Task goal
Transcribe every line from the one containing "SF Giants: Cueto, Longoria, and" to the end of the listing, exactly as written, and leave out the pictures.
-- Raw data follows --
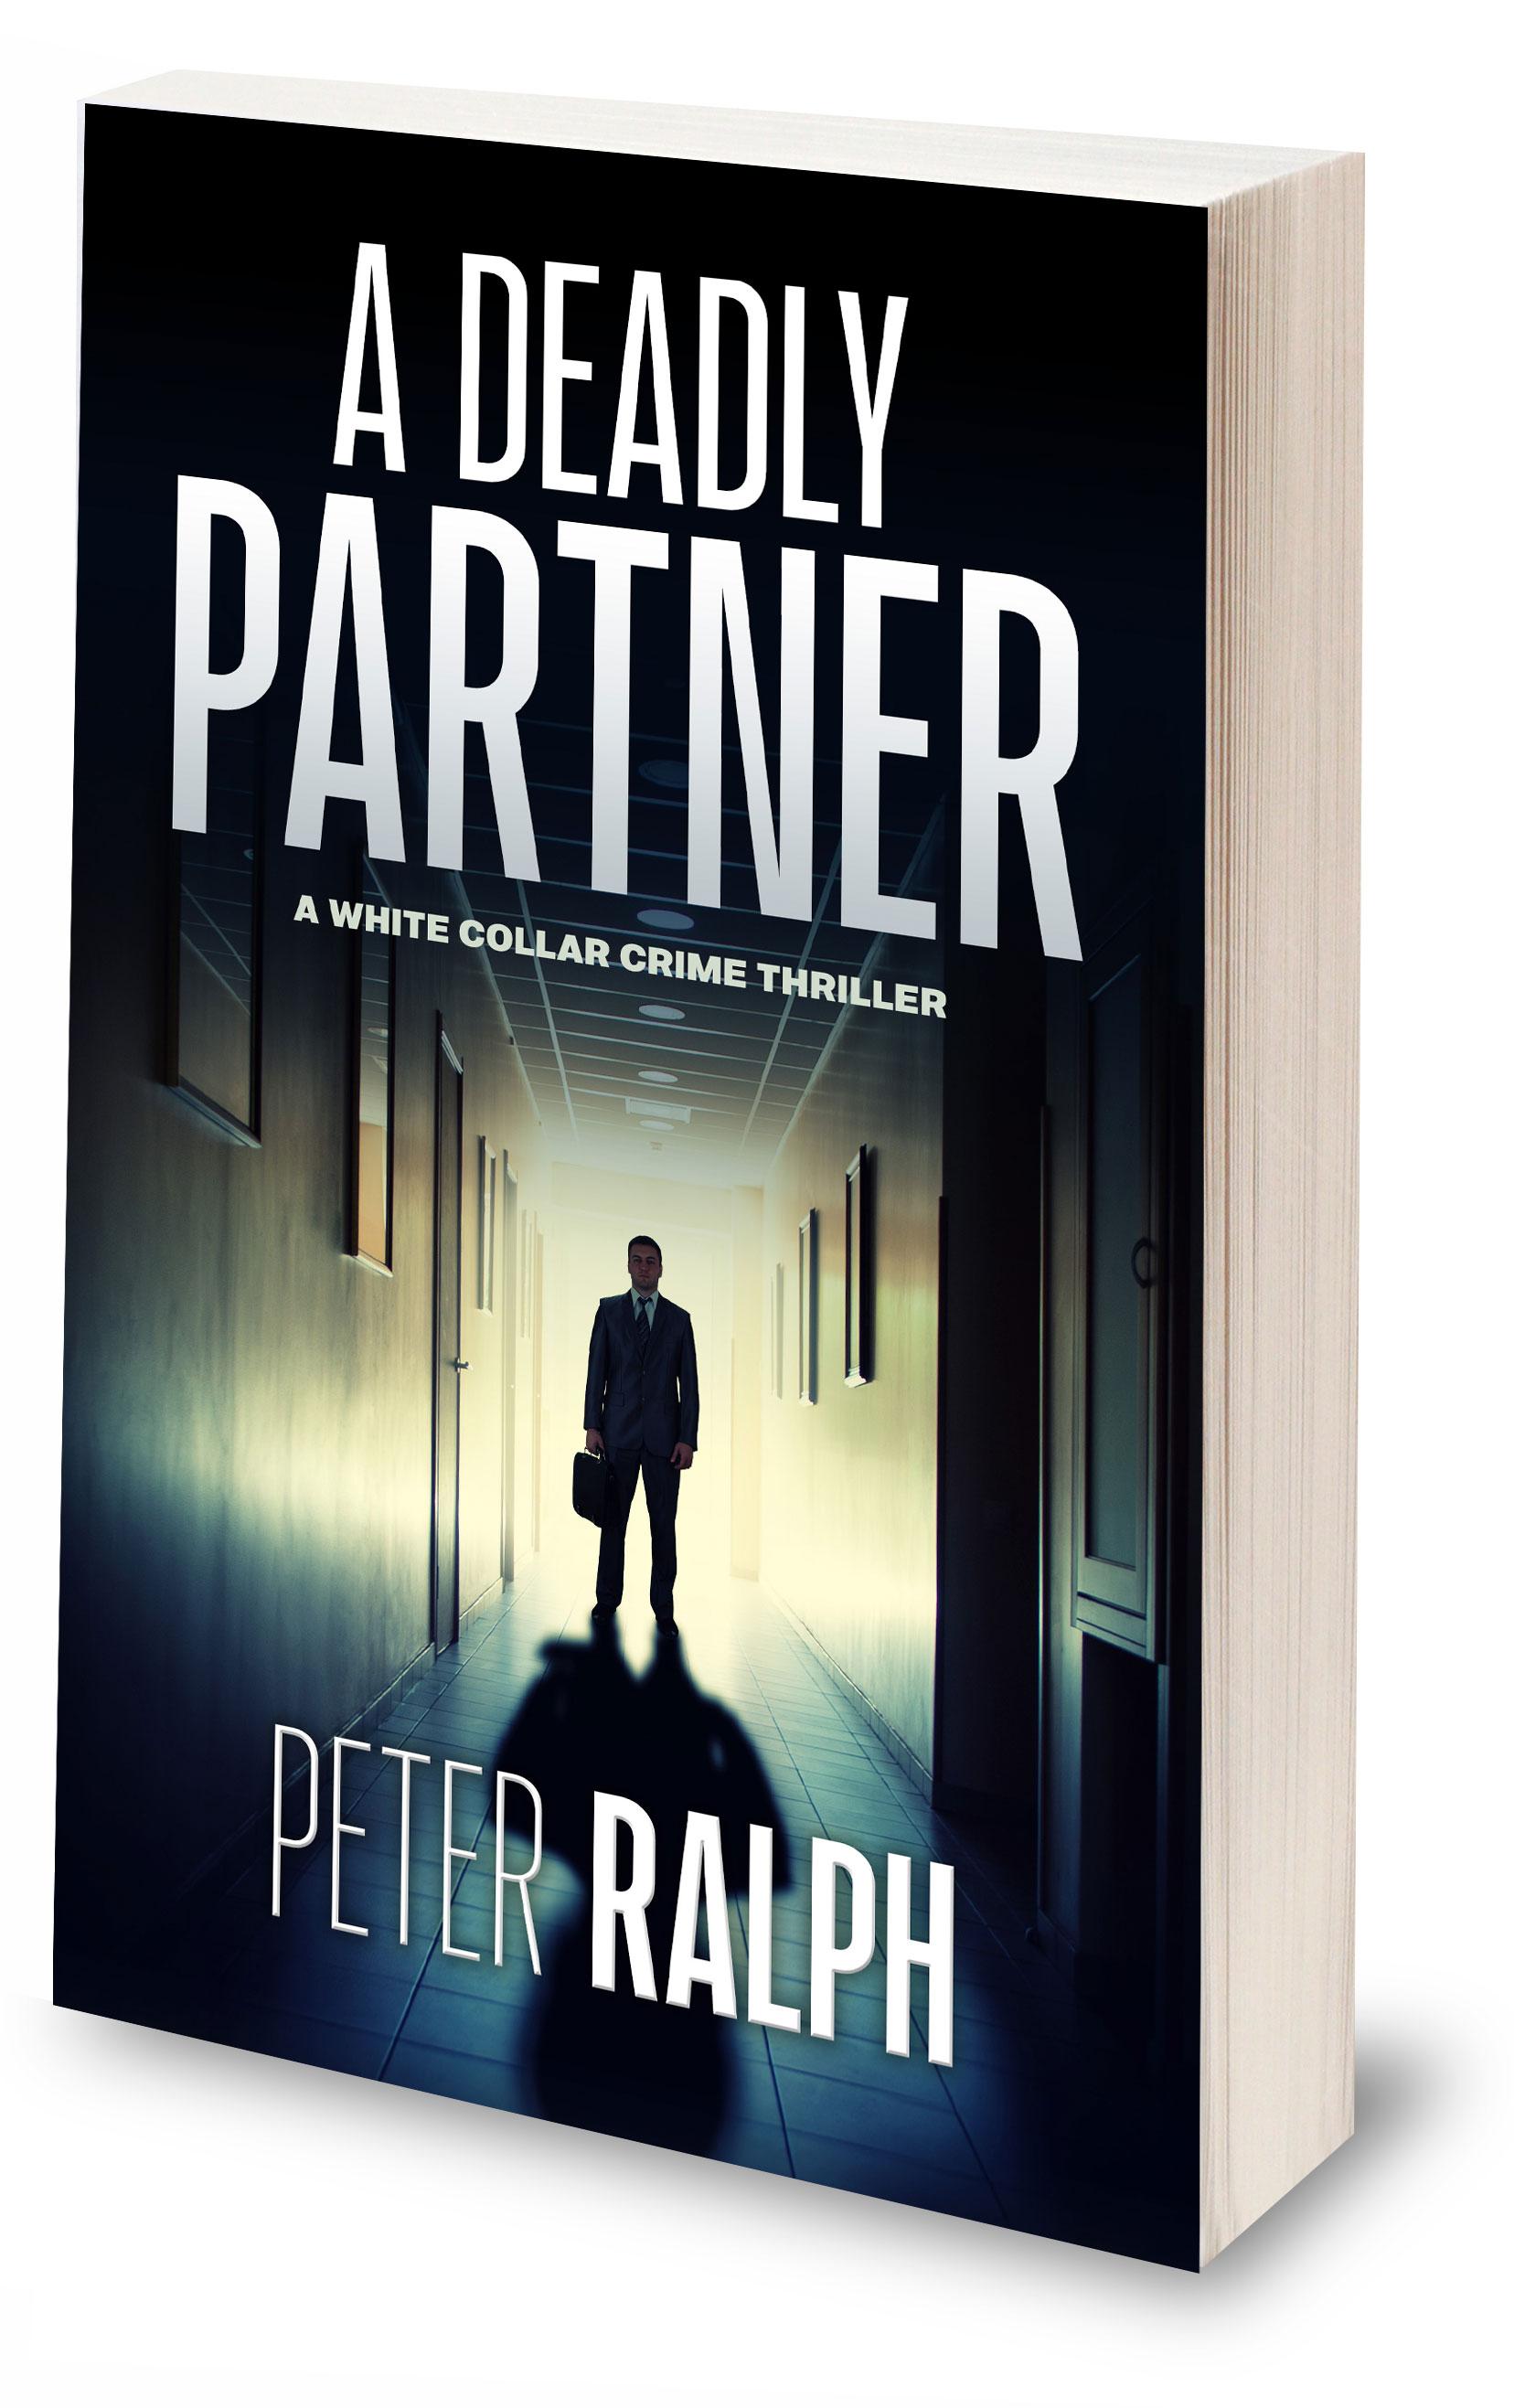 A-Deadly-Partner_3D-cover.jpg
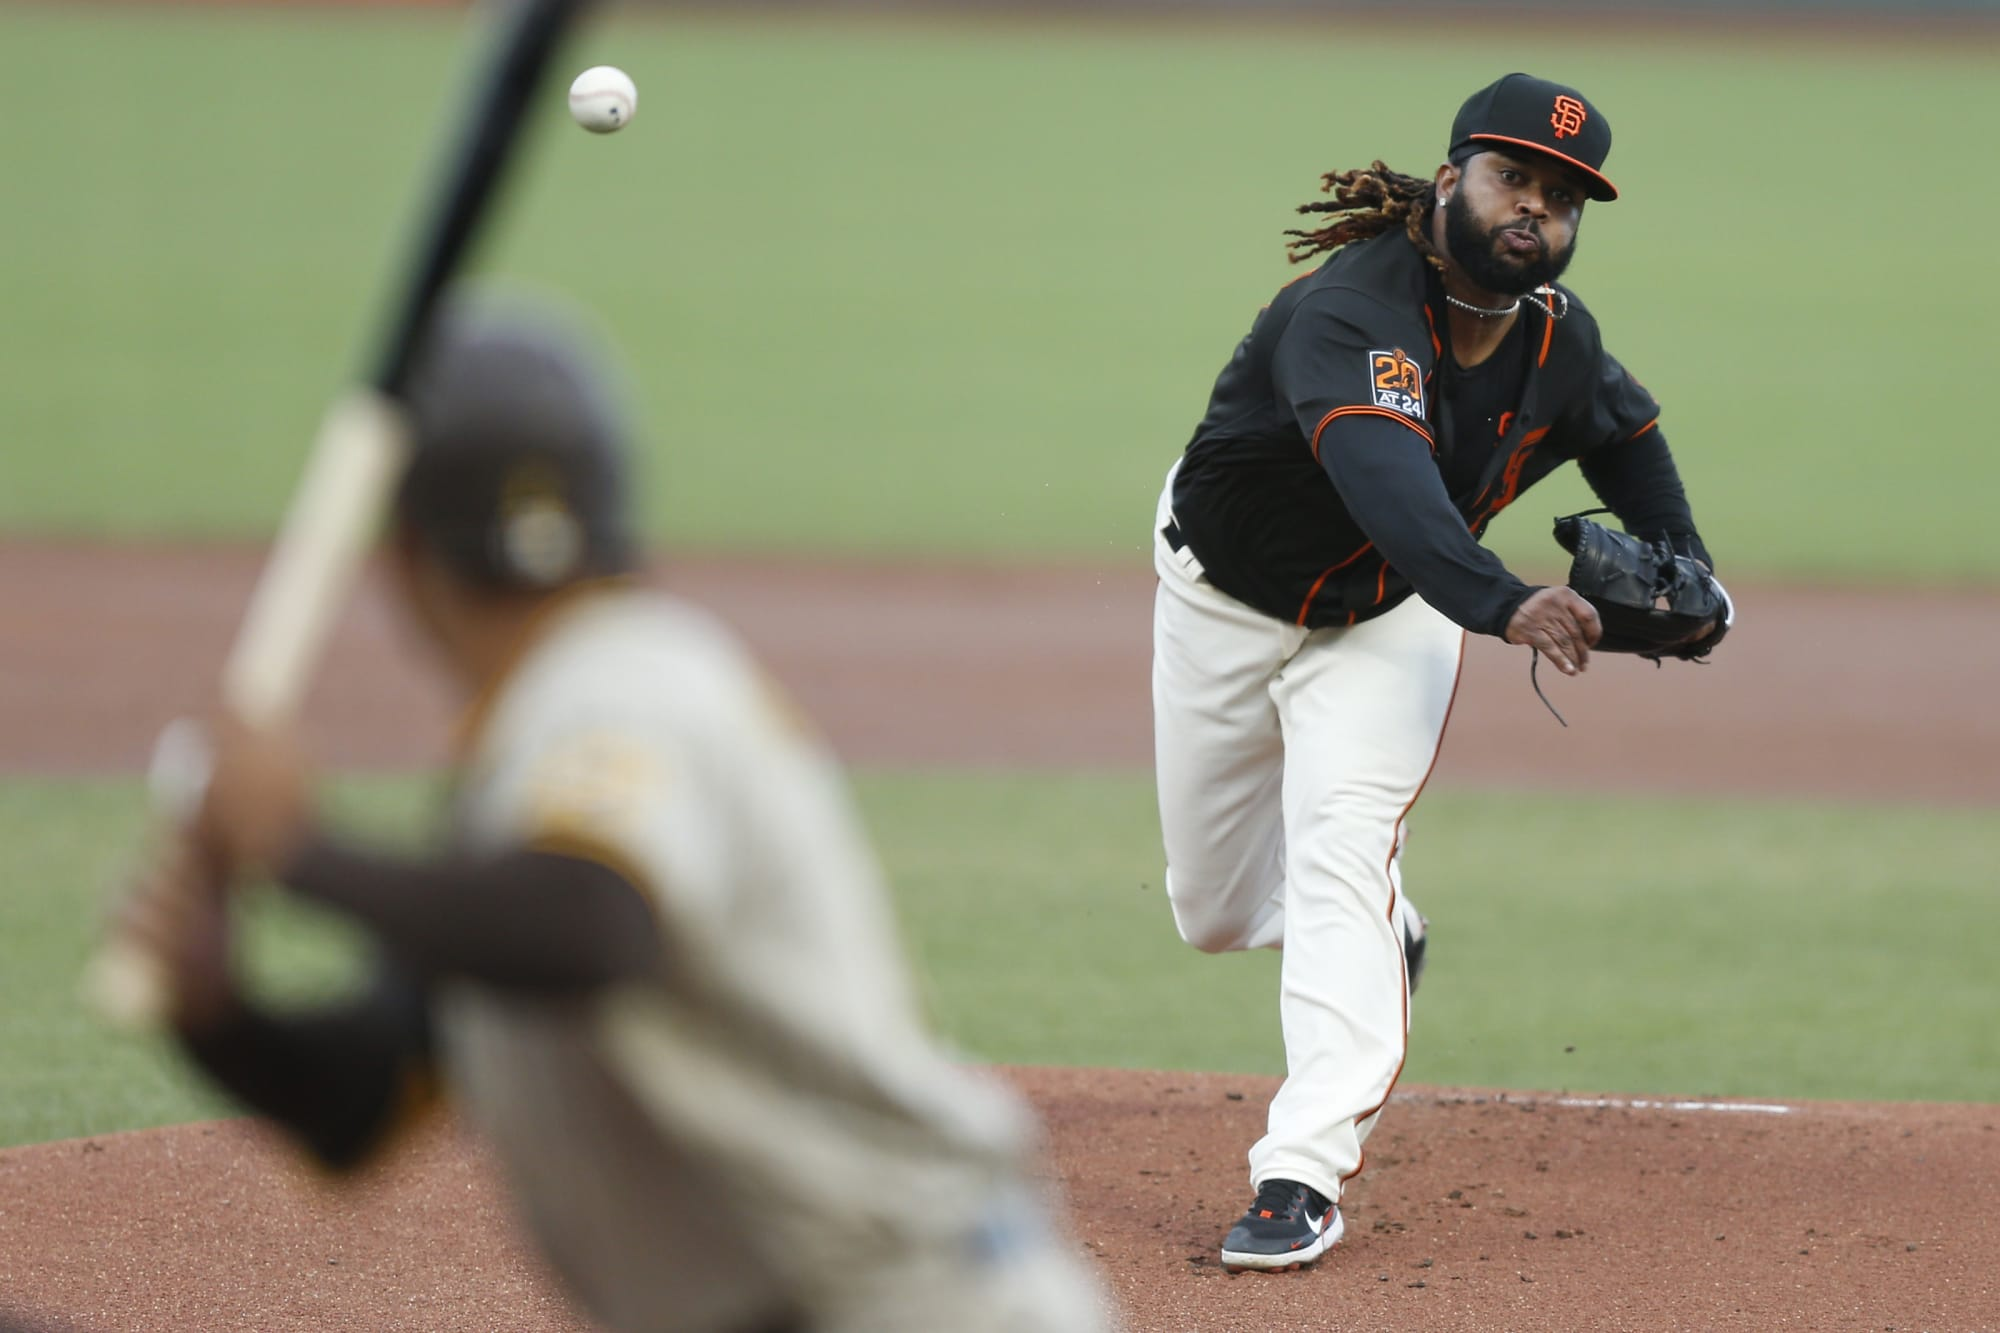 SF Giants: Cueto, Longoria, and Davis Scheduled to Debut Tomorrow
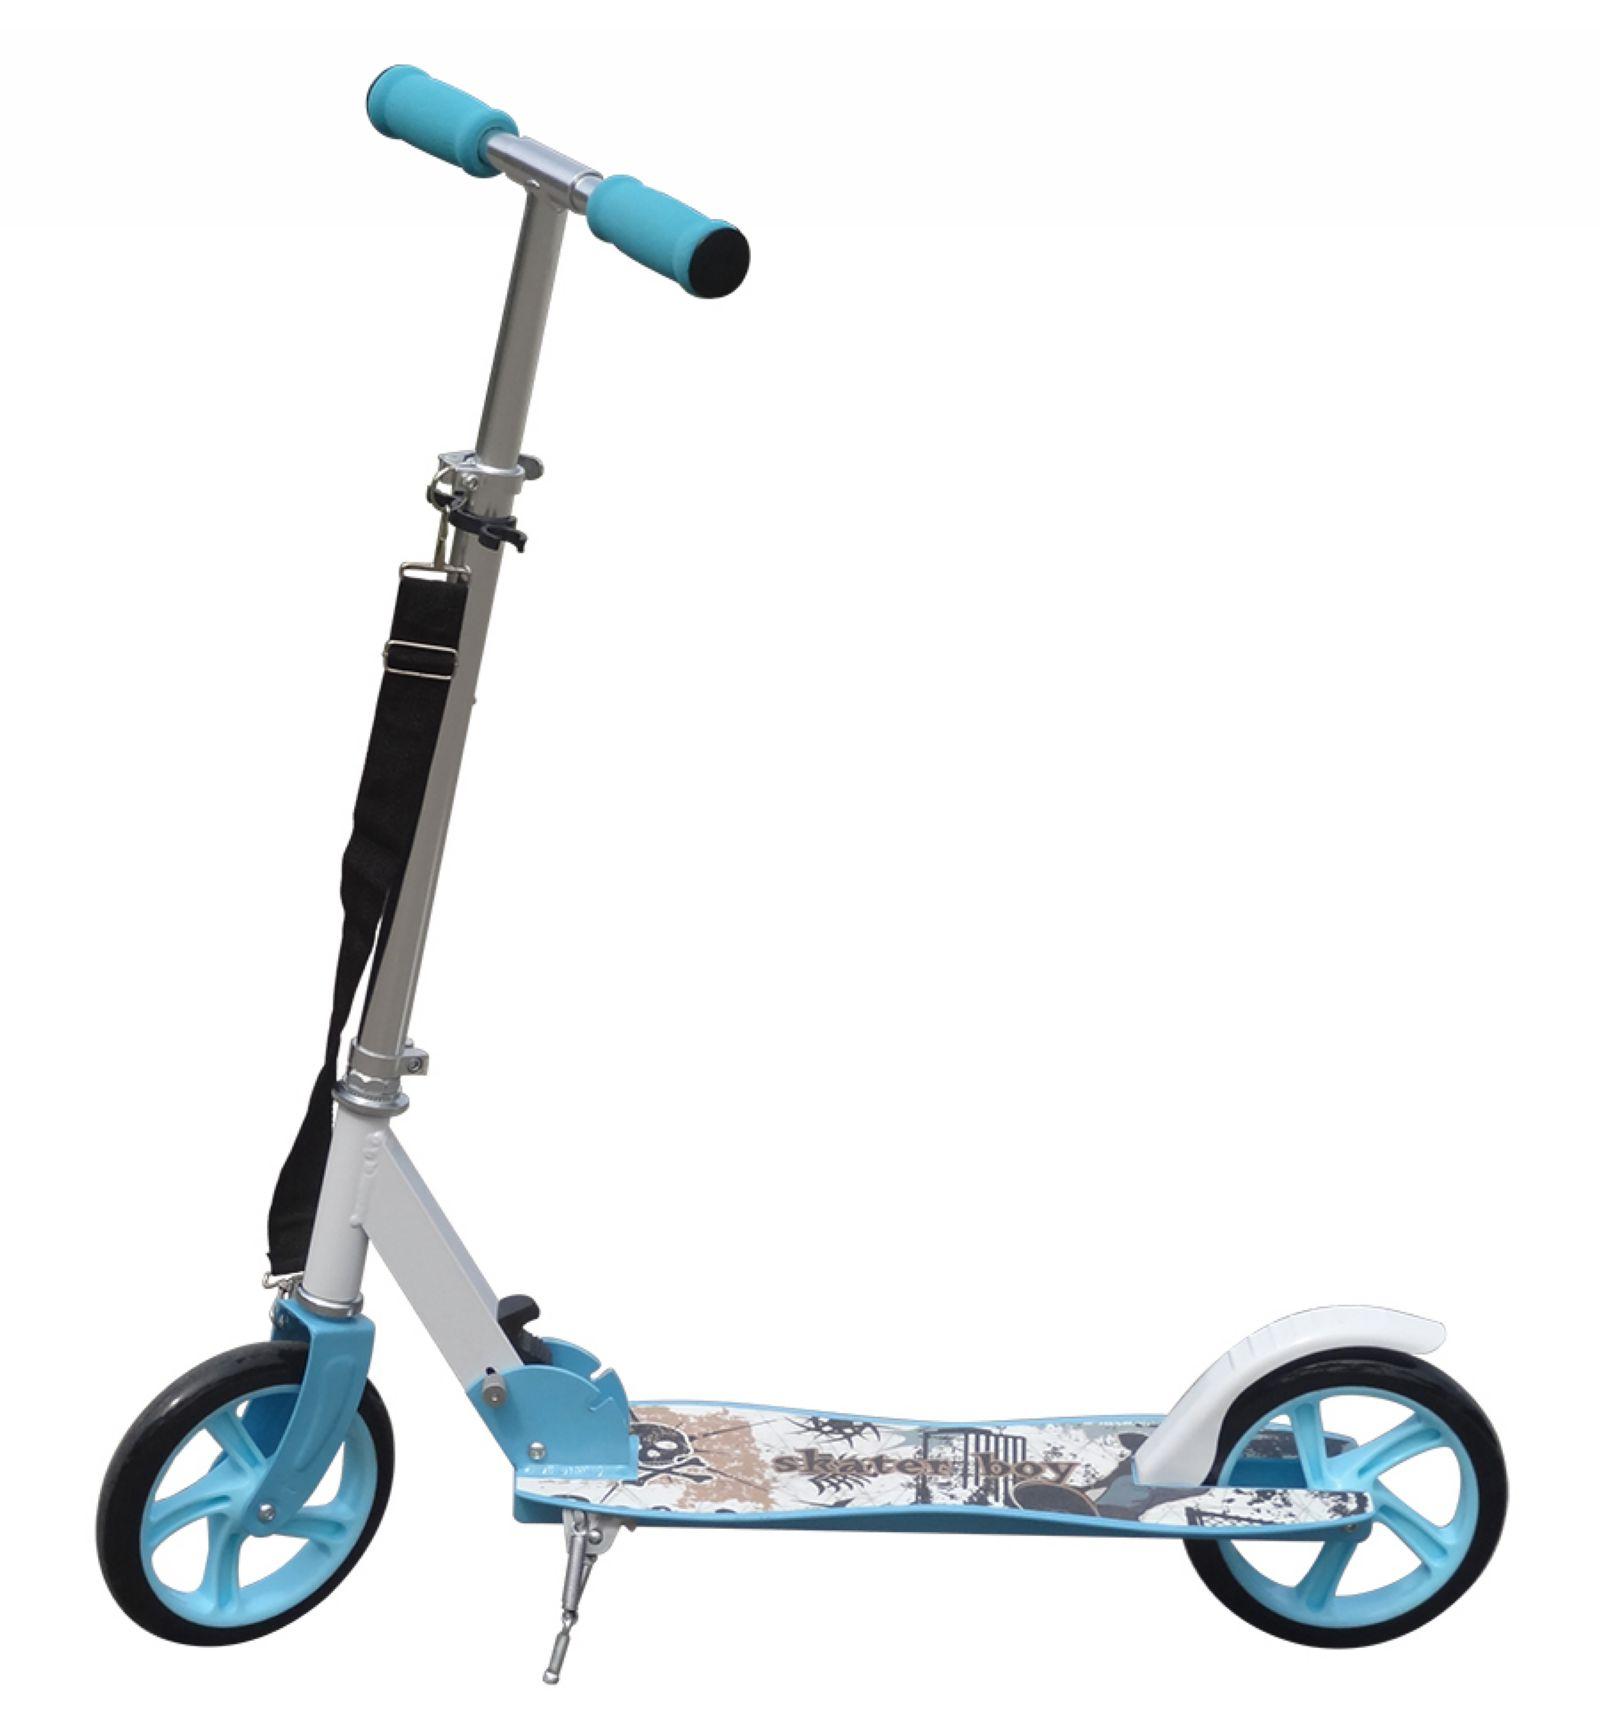 Sblue aluminium kids pro folding push urban kick scooter 2 for Big wheel motor scooter
-- Raw data concluded --
Answer below
 SF Giants: Cueto, Longoria, and Davis Scheduled to Debut Tomorrow
 Sblue aluminium kids pro folding push urban kick scooter 2 for Big wheel motor scooter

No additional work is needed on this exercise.